» Exercise: Word for word, repeat the data that follows. Do not include the pictures.

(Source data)
==========

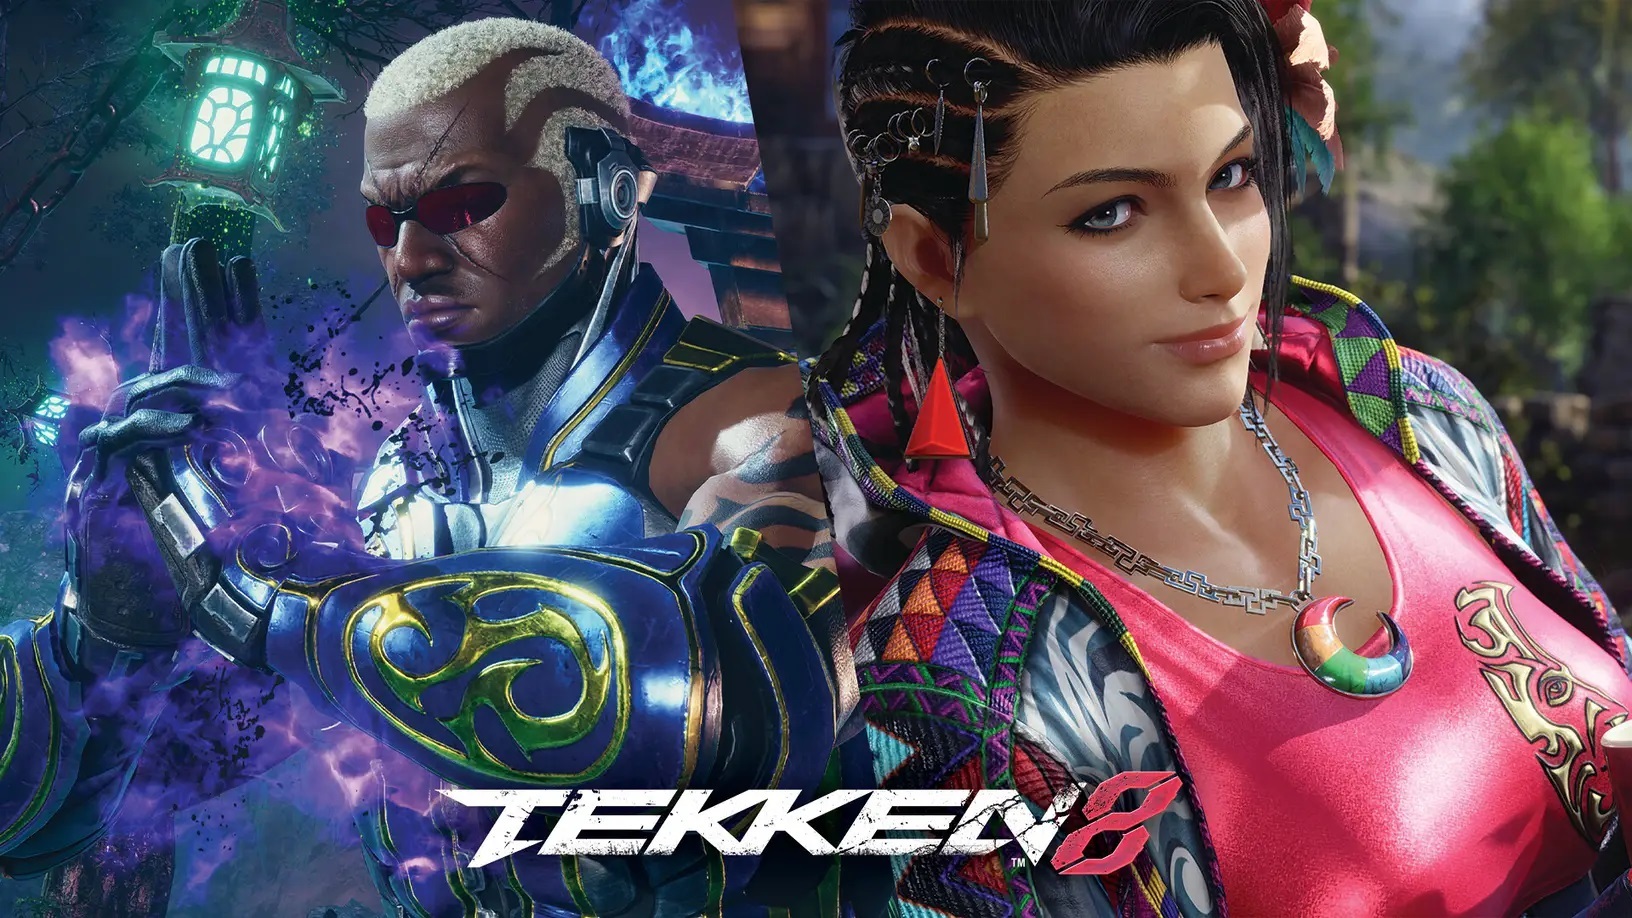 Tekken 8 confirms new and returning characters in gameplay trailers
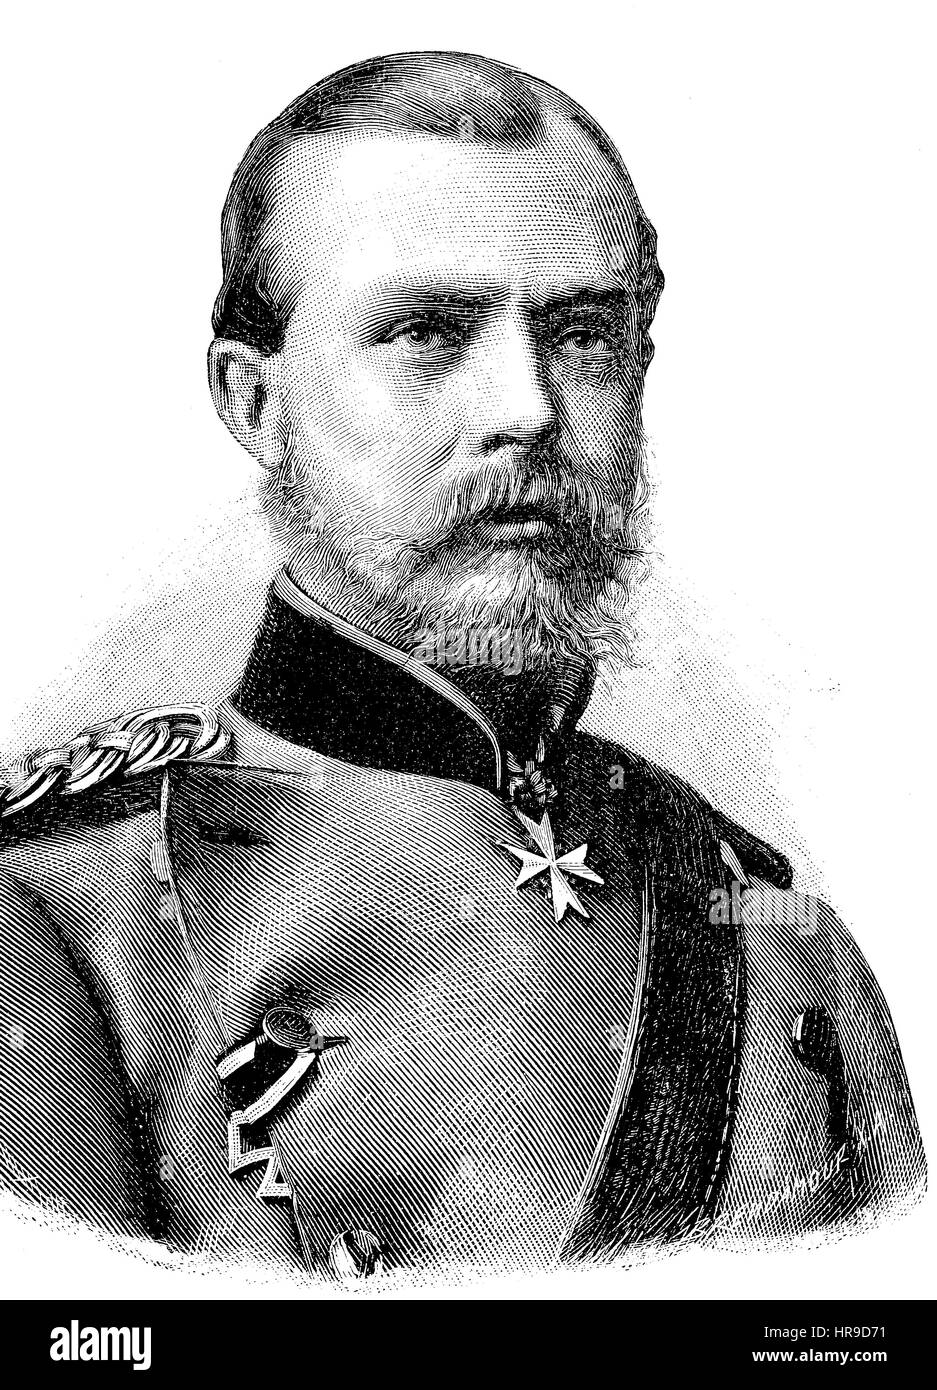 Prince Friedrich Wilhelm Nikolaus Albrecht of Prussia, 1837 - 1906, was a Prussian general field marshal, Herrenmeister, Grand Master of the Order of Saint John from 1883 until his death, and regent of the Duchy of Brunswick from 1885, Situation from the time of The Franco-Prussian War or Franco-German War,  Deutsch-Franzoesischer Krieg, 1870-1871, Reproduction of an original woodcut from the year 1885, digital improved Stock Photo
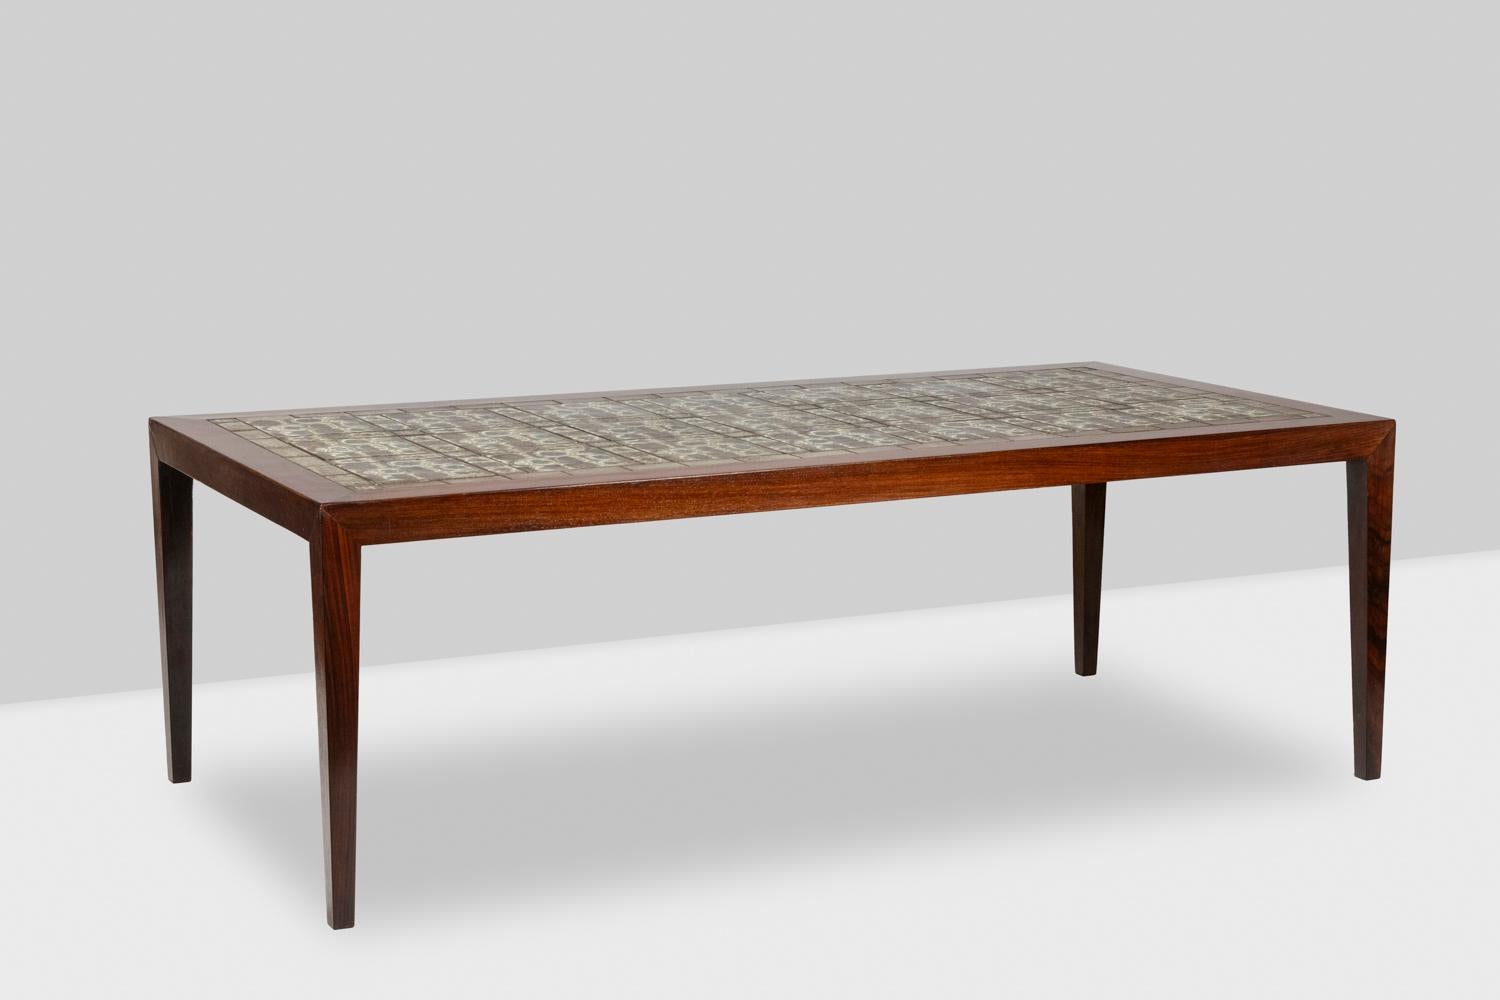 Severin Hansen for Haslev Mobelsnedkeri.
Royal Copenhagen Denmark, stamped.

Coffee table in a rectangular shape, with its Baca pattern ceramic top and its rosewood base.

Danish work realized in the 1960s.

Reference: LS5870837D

==========

» Result of the exercise:
 Tekken 8 confirms new and returning characters in gameplay trailers
 Prince Friedrich Wilhelm Nikolaus Albrecht of Prussia, 1837 - 1906, was a Prussian general field marshal, Herrenmeister, Grand Master of the Order of Saint John from 1883 until his death, and regent of the Duchy of Brunswick from 1885, Situation from the time of The Franco-Prussian War or Franco-German War,  Deutsch-Franzoesischer Krieg, 1870-1871, Reproduction of an original woodcut from the year 1885, digital improved Stock Photo
 Severin Hansen for Haslev Mobelsnedkeri.
Royal Copenhagen Denmark, stamped.

Coffee table in a rectangular shape, with its Baca pattern ceramic top and its rosewood base.

Danish work realized in the 1960s.

Reference: LS5870837D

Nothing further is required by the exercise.